Born in Saitama Prefecture and educated at the University of Tokyo, Murai was an official in the Ministry of Finance before entering politics.

==Biography==
Hideki Murai was born on 14 May 1980 in Urawa, Saitama Prefecture. After attending Kaijo Academy, he studied at the University of Tokyo. Initially a science major, he switched to study international politics, and joined the Ministry of Finance after graduating in 2003. Murai was involved in FTA negotiations and tax administration and was also seconded to the Ministry of Agriculture, Forestry and Fisheries.

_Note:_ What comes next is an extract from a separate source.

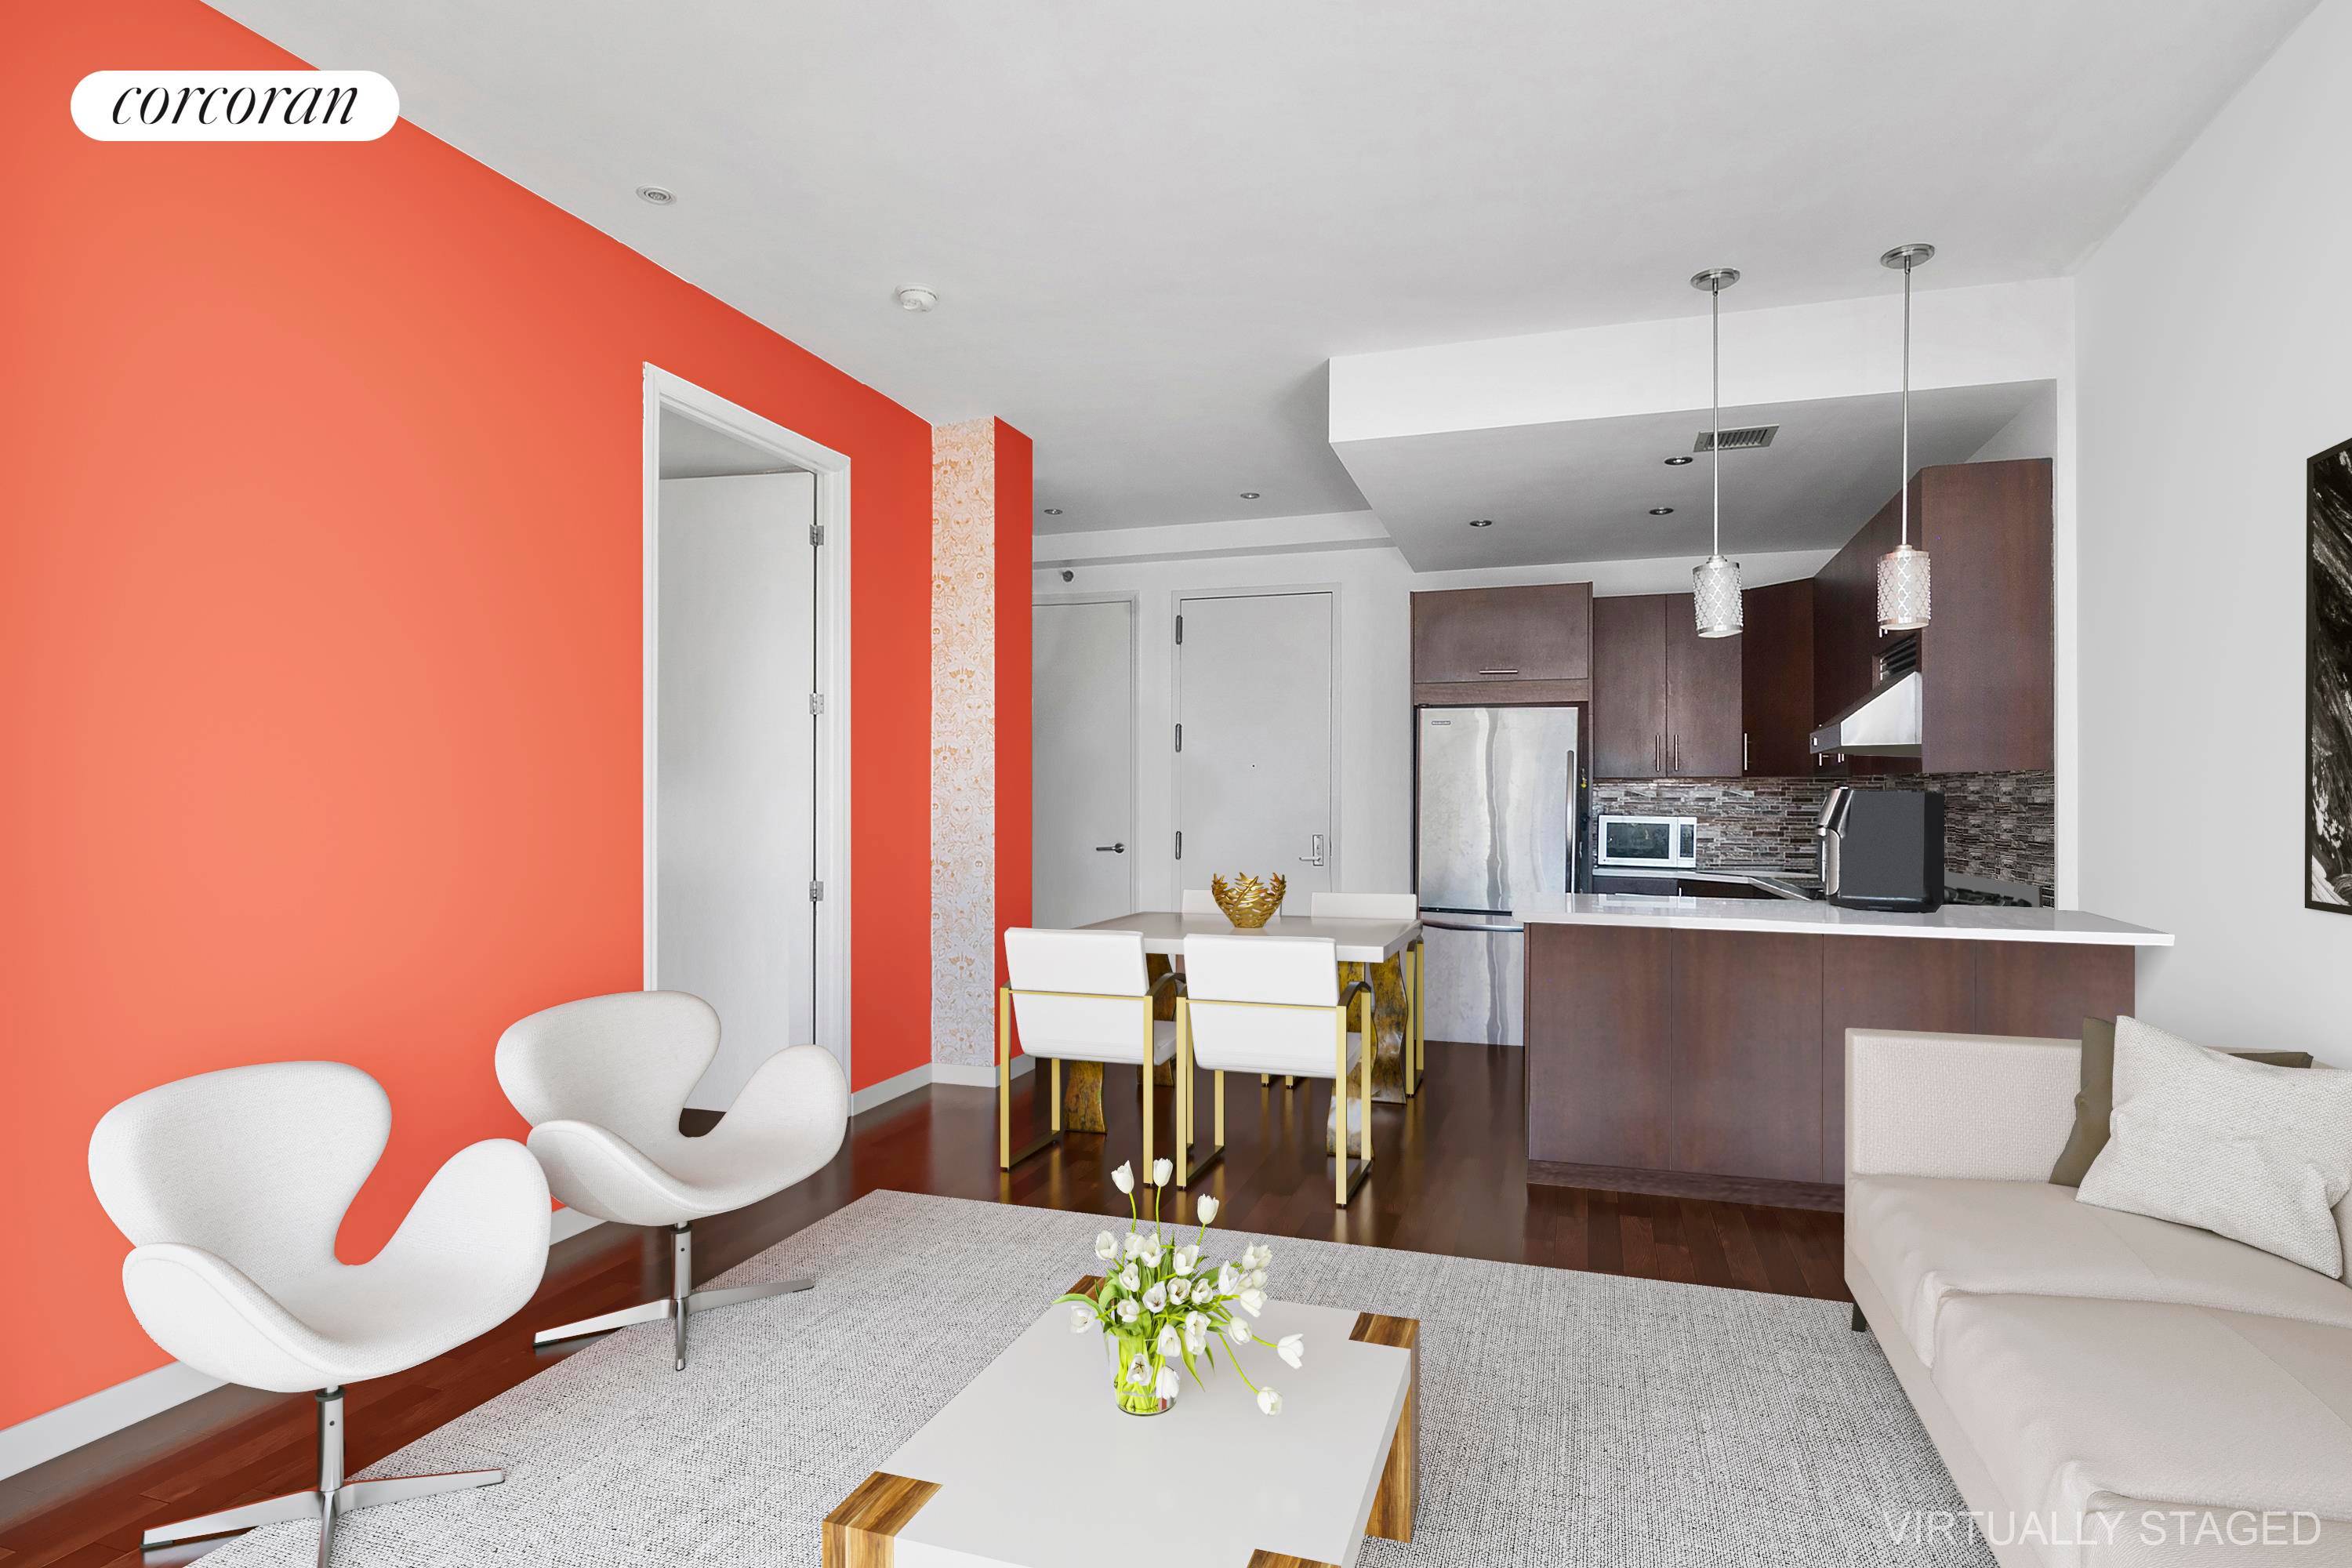 Park Place Condos is centrally located in the Northern section of Crown Heights featuring APT.

While in the Ministry he attended Harvard University and graduated in 2010. Murai left the ministry the following year and applied to become a candidate for the Liberal Democratic Party in the upcoming election.

Murai was elected as the LDP candidate for Saitama 1st district in the 2012 House of Representatives election, in which the LDP regained power. Murai joined the Kōchikai and became a close aide to its leader Fumio Kishida. In 2021, Murai headed the ruling Liberal Democratic Party's panel on digital currencies.

After Fumio Kishida became prime minister, he appointed Murai as Special Adviser to the Prime Minister for Domestic Economic and other special issues. In the September 2023 reshuffle he was promoted to Deputy Chief Cabinet Secretary. He stepped down along with the cabinet in October 2024.